For a 64-bit build, set OBJECT_MODE to 64 and pass CC="gcc -maix64"
and LDFLAGS="-Wl,-bbigtoc" to configure. If you omit the export of
OBJECT_MODE, your build may fail with linker errors. When OBJECT_MODE
is set, it tells AIX's build utilities such as ar, as, and ld what
type of objects to default to handling.
Overcommit
----------
By default, overcommit of paging space can happen. While I have not
seen this occur, AIX will kill processes when it runs out of memory
and the overcommit is accessed. The closest to this that I have seen
is fork failing because the system decided that there was not enough
memory for another process. Like many other parts of AIX, the paging
space allocation method and out-of-memory kill is configurable on a
system- or process-wide basis if this becomes a problem.
References and resources
------------------------
"Large Program Support"
AIX Documentation: General Programming Concepts: Writing and Debugging Programs
http://publib.boulder.ibm.com/infocenter/pseries/topic/com.ibm.aix.doc/aixprggd/genprogc/lrg_prg_support.htm
"Program Address Space Overview"
AIX Documentation: General Programming Concepts: Writing and Debugging Programs
http://publib.boulder.ibm.com/infocenter/pseries/topic/com.ibm.aix.doc/aixprggd/genprogc/address_space.htm
"Performance Overview of the Virtual Memory Manager (VMM)"

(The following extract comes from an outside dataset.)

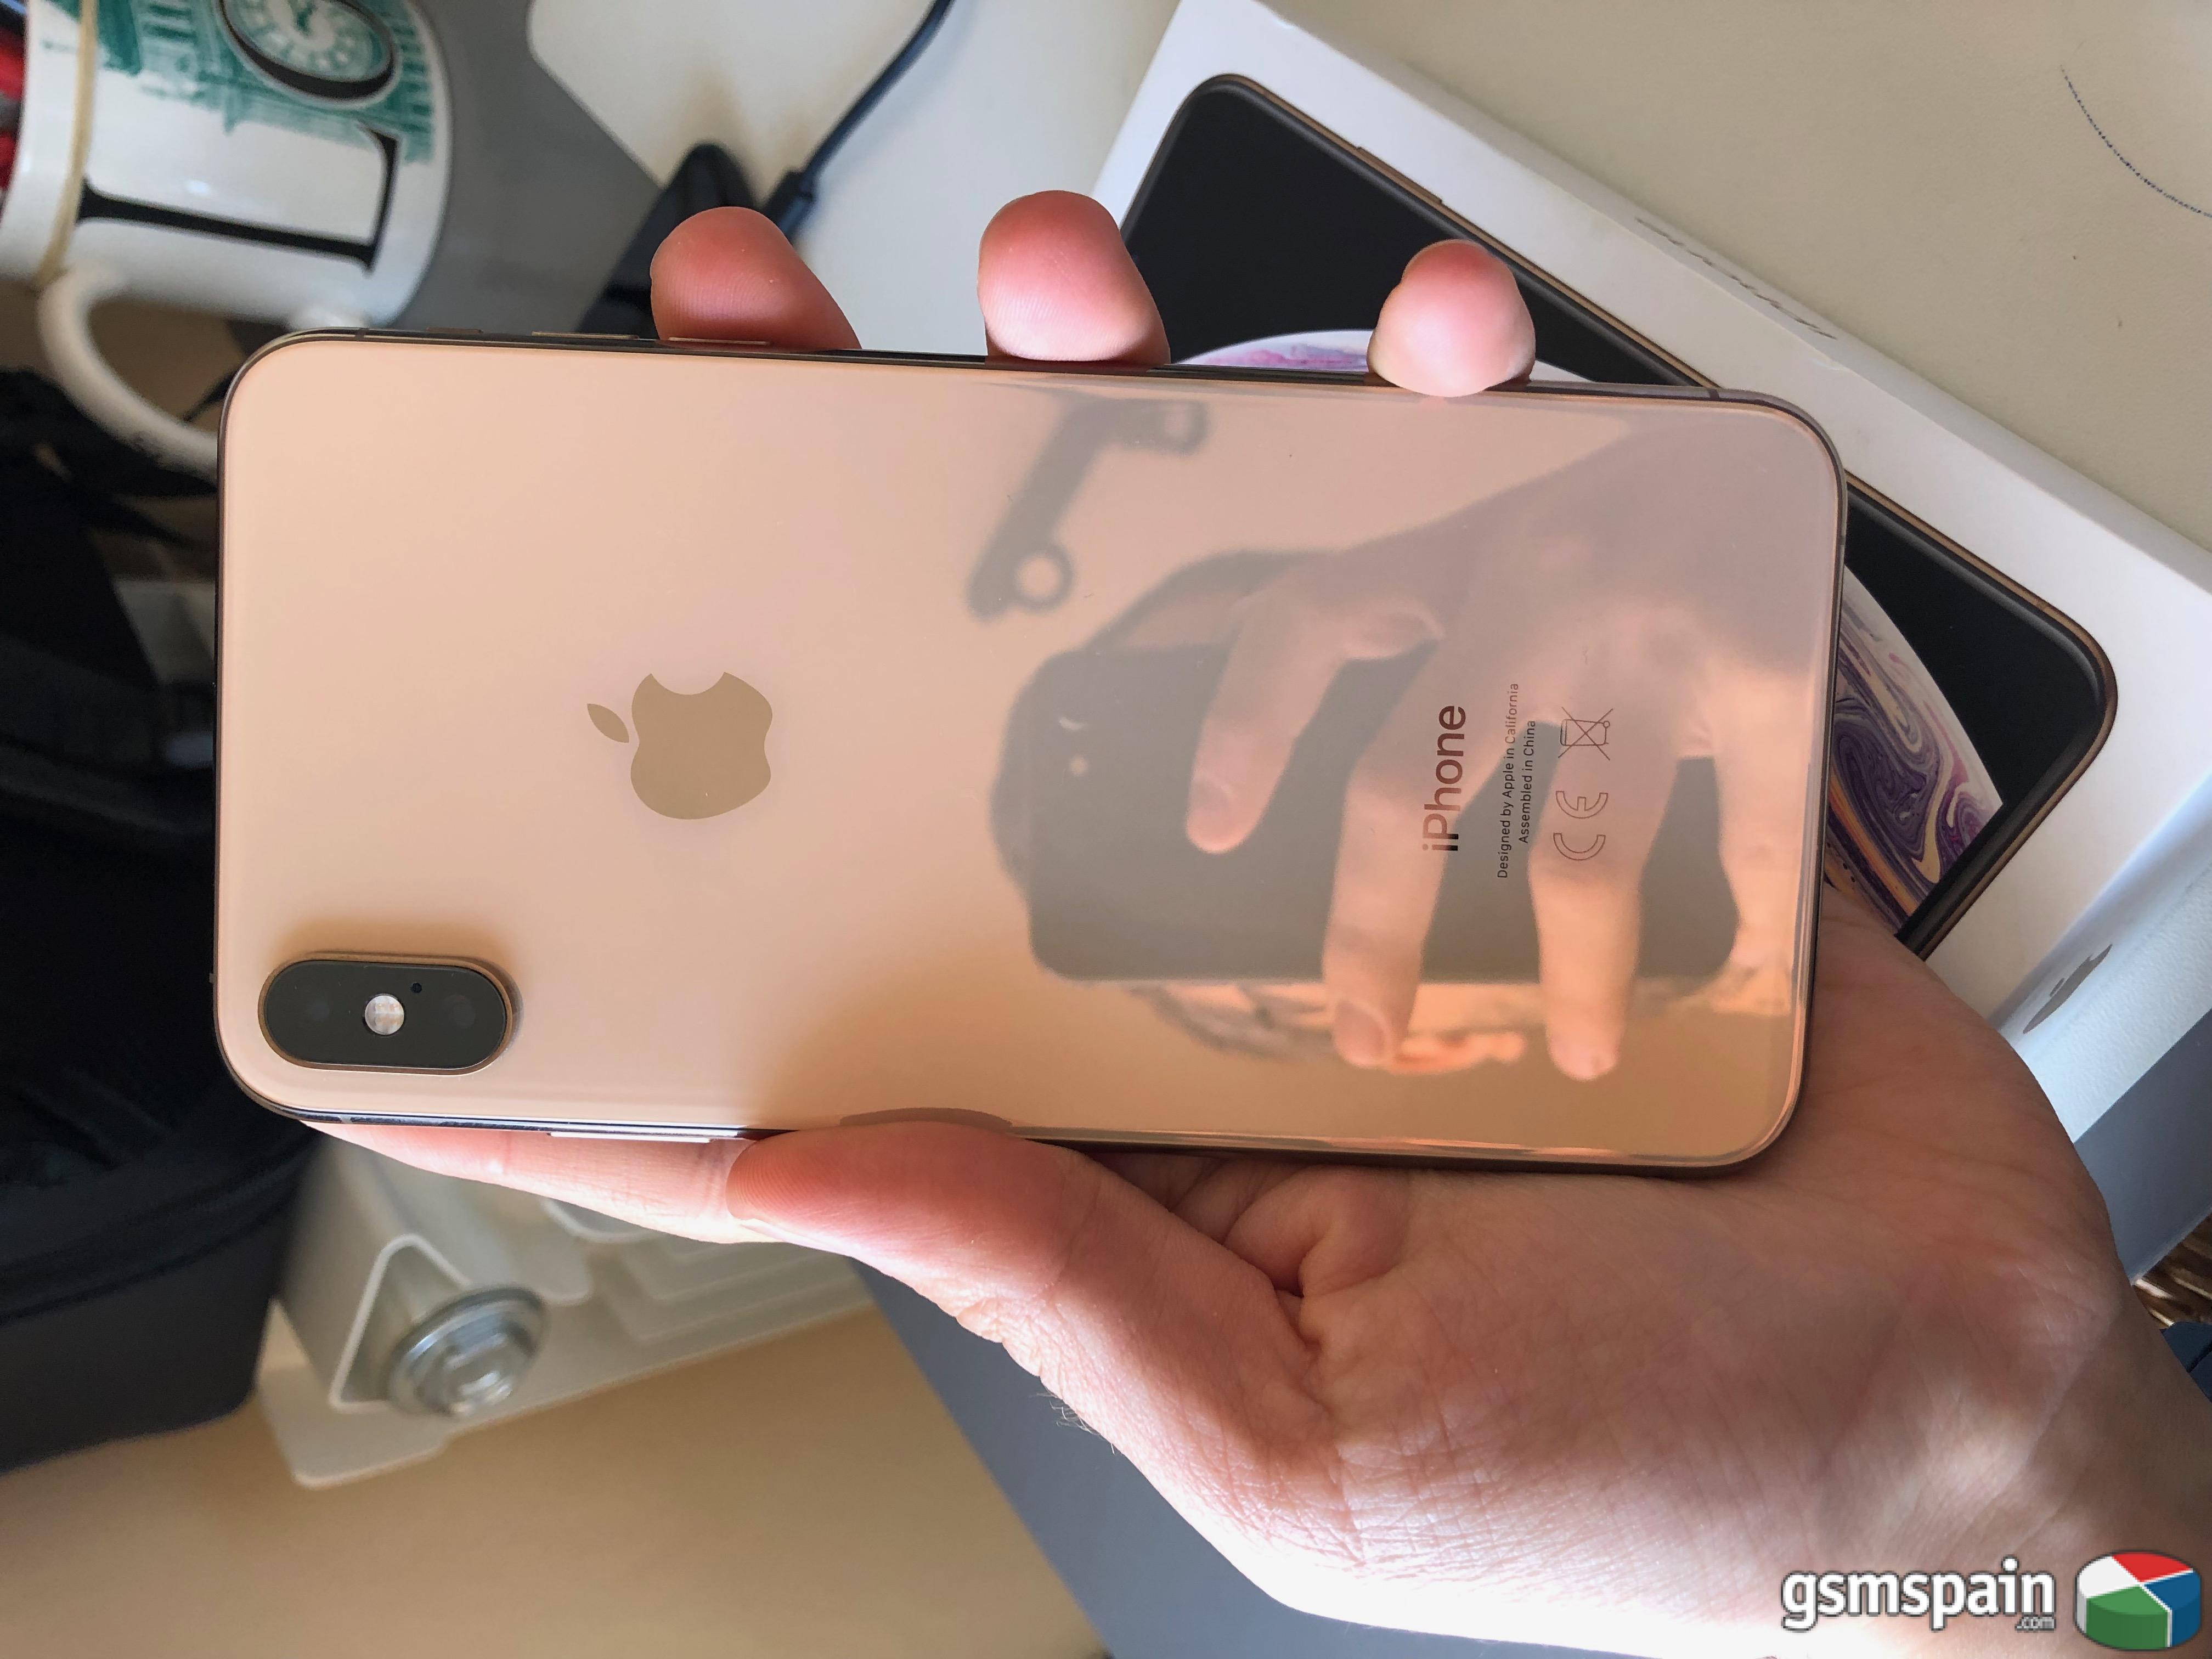 [VENDO] *** iPhone XS Max 64GB Dorado + Garantía ***
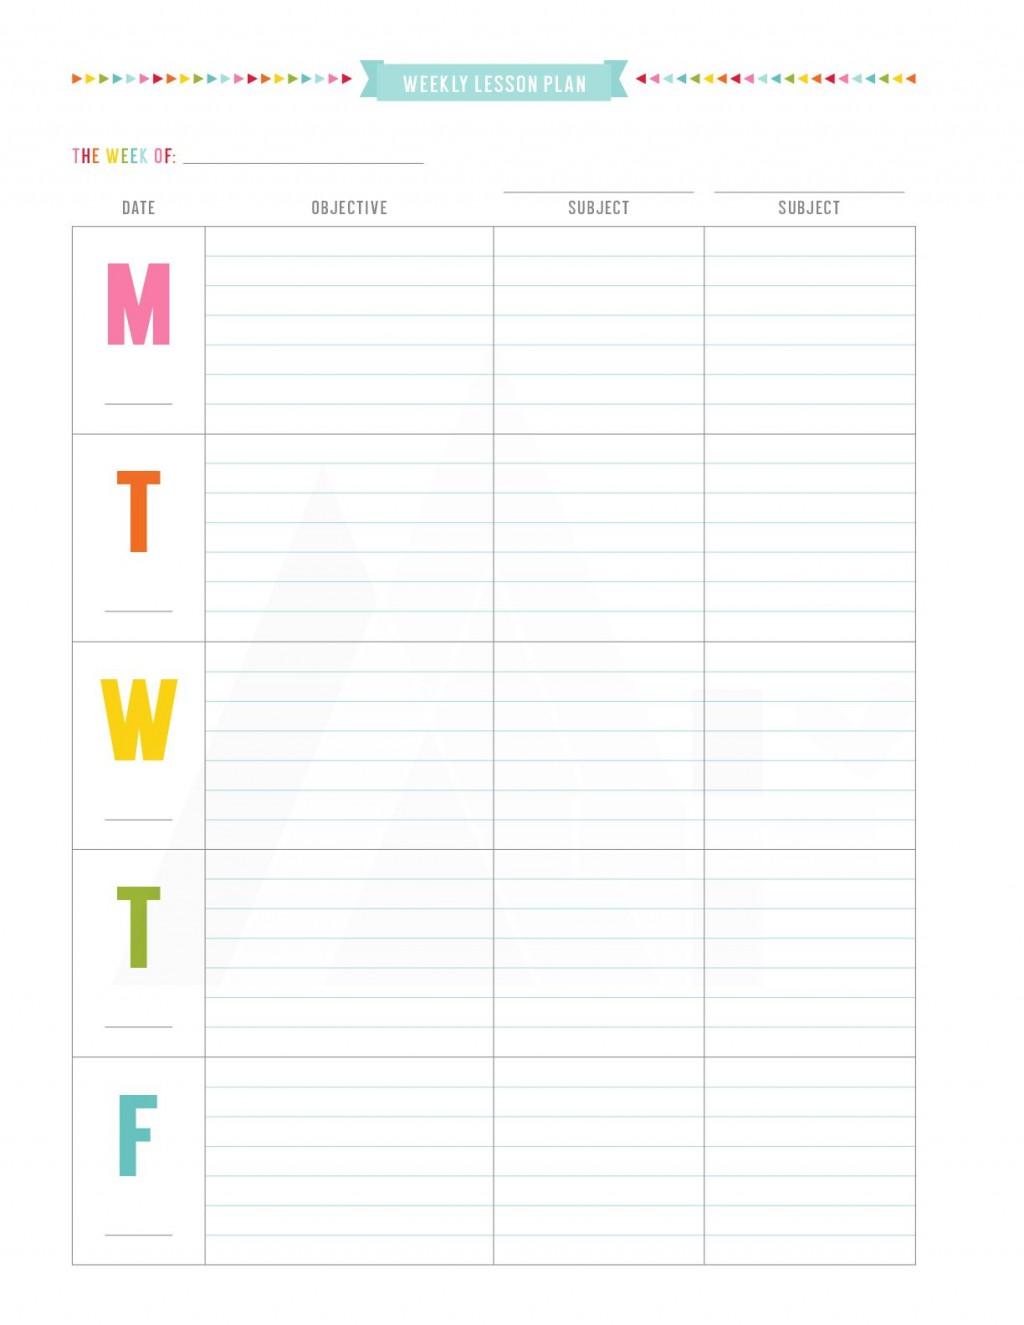 005 Unusual Fillable Lesson Plan Template Free High Resolution  Printable EditableLarge

AIX Documentation: Performance Management Guide
http://publib.boulder.ibm.com/infocenter/pseries/v5r3/topic/com.ibm.aix.doc/aixbman/prftungd/resmgmt2.htm
"Page Space Allocation"
AIX Documentation: Performance Management Guide
http://publib.boulder.ibm.com/infocenter/pseries/v5r3/topic/com.ibm.aix.doc/aixbman/prftungd/memperf7.htm
"Paging-space thresholds tuning"
AIX Documentation: Performance Management Guide
http://publib.boulder.ibm.com/infocenter/pseries/v5r3/topic/com.ibm.aix.doc/aixbman/prftungd/memperf6.htm
"Developing and Porting C and C++ Applications on AIX"
IBM Redbook
http://www.redbooks.ibm.com/redbooks/pdfs/sg245674.pdf
http://www.redbooks.ibm.com/abstracts/sg245674.html?Open
Statistics Collector Fun on AIX
--------------------------------
When implementing PostgreSQL version 8.1 on AIX 5.3, we periodically
ran into problems where the statistics collector would "mysteriously"
not come up successfully.
This appears to be the result of unexpected behaviour in the IPv6
implementation. It looks like PostgreSQL and IPv6 do not play very
well together at this time on AIX.
Any of the following actions "fix" the problem.
1. Delete the localhost ipv6 address
(as root)
# ifconfig lo0 inet6 ::1/0 delete
2. Remove IPv6 from net services. The file /etc/netsvc.conf, on AIX,
is roughly equivalent to /etc/nsswitch.conf on Solaris/Linux.
The default, on AIX, is thus:
hosts=local,bind
Replace this with:
hosts=local4,bind4
to deactivate searching for IPv6 addresses.